One Nation Under Law examines the creation of the Court and follows it through the brink of the Civil War, paying particular attention to the fourth chief justice of the Supreme Court -- John Marshall -- and to his successor, Roger Taney. Marshall presided over one of the most famous cases before the Court; Taney, over one of the most infamous. In Marbury v. Madison (1803), Marshall used an obscure case involving an unsigned judicial appointment as an opportunity to assert the Court's most important power -- that of judicial review, which gives federal courts the right to strike down laws that clash with the Constitution. A half century later, in Dred Scott v. Sandford (1857), Taney exercised that same power against the national government, this time to protect slavery.
A New Kind of Justice explores the issues before the Court during the period after the Civil War -- a time of unprecedented economic growth, when industrialists like Carnegie and Rockefeller were earning millions. As corporations grew more powerful, they found an unlikely ally in the Supreme Court. Although the Fourteenth Amendment was passed to ensure that the states recognized the rights of the newly freed slaves, the Court would for almost 100 years interpret the amendment not as a protect not blacks but rather for big business, recognizing corporations as "persons" and awarding them sweeping legal protections.
A Nation of Liberties focuses on the Court's reaction to state and federal legislation on Bill of Rights freedoms, with special attention to the explosion of civil rights cases from the early 1940s to the present. This program highlights the Warren Court as it confronted the issues of race, gender and religion in the post-war period, when six newly-appointed justices were just beginning to find their way on the Court. Over the next quarter century, the belief in individual freedoms and rights would push the nation, and the Supreme Court, towards a new agenda.
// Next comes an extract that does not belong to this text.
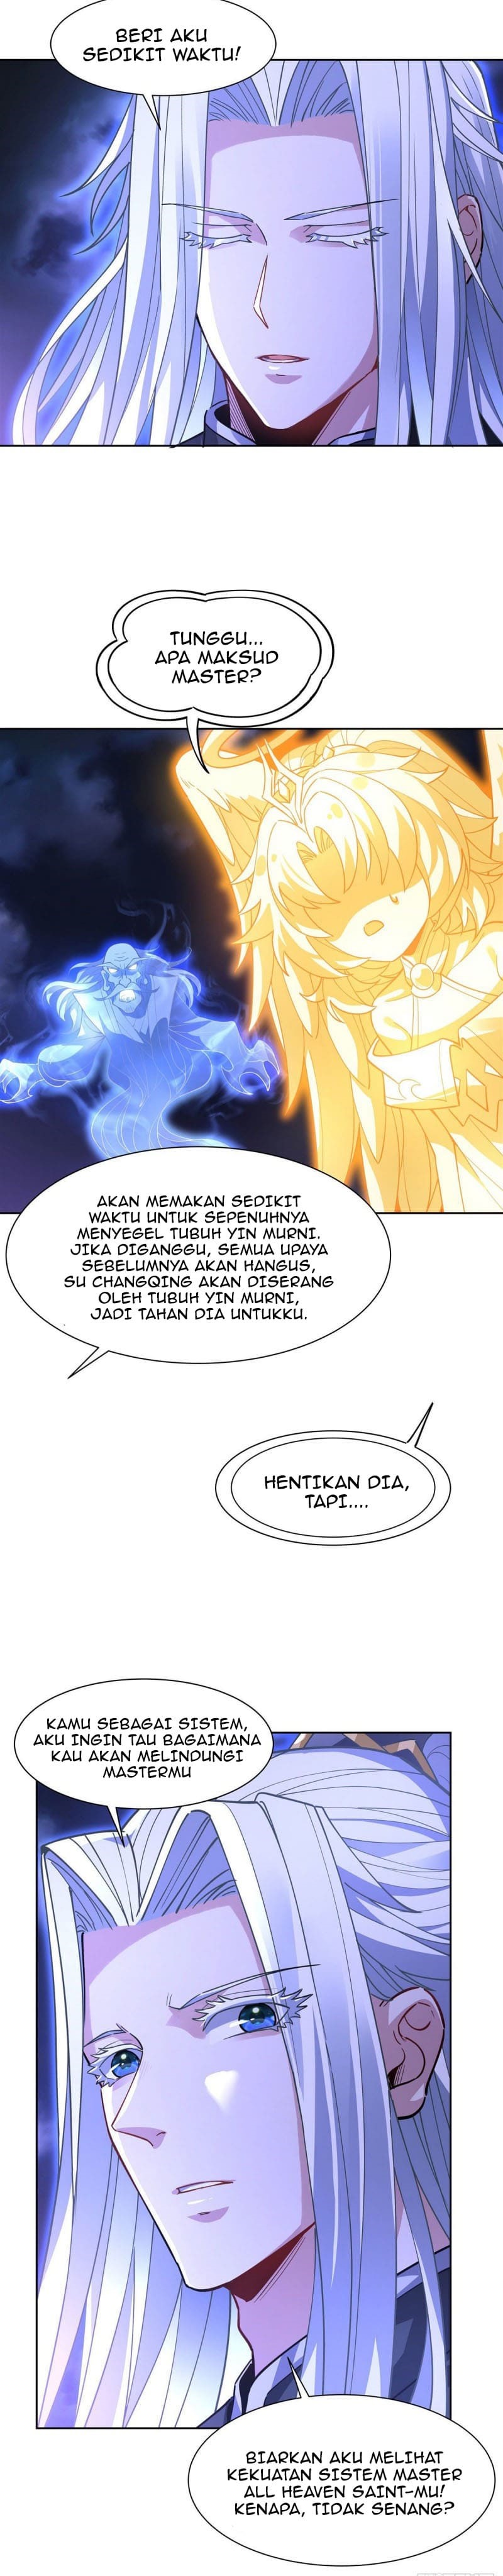 Dilarang COPAS - situs resmi www.mangacanblog.com - Komik my female apprentices are all big shots from the future 039 - chapter 39 40 Indonesia my female apprentices are all big shots from the future 039 - chapter 39 Terbaru 11|Baca Manga Komik Indonesia|Mangacan

The Rehnquist Revolution details the extraordinary opportunity availed by President Richard Nixon: to name four of the Court's nine judges, effectively replacing almost half of the Warren court. The last hour of the series also investigates how the Court, especially under the leadership of Chief Justice William Rehnquist, rose in importance to become the institution most responsible for resolving the central questions of American life. The program also addresses the right to privacy, a key component in 1973's Roe v. Wade, and the surprising actions of an activist court in Bush v. Gore.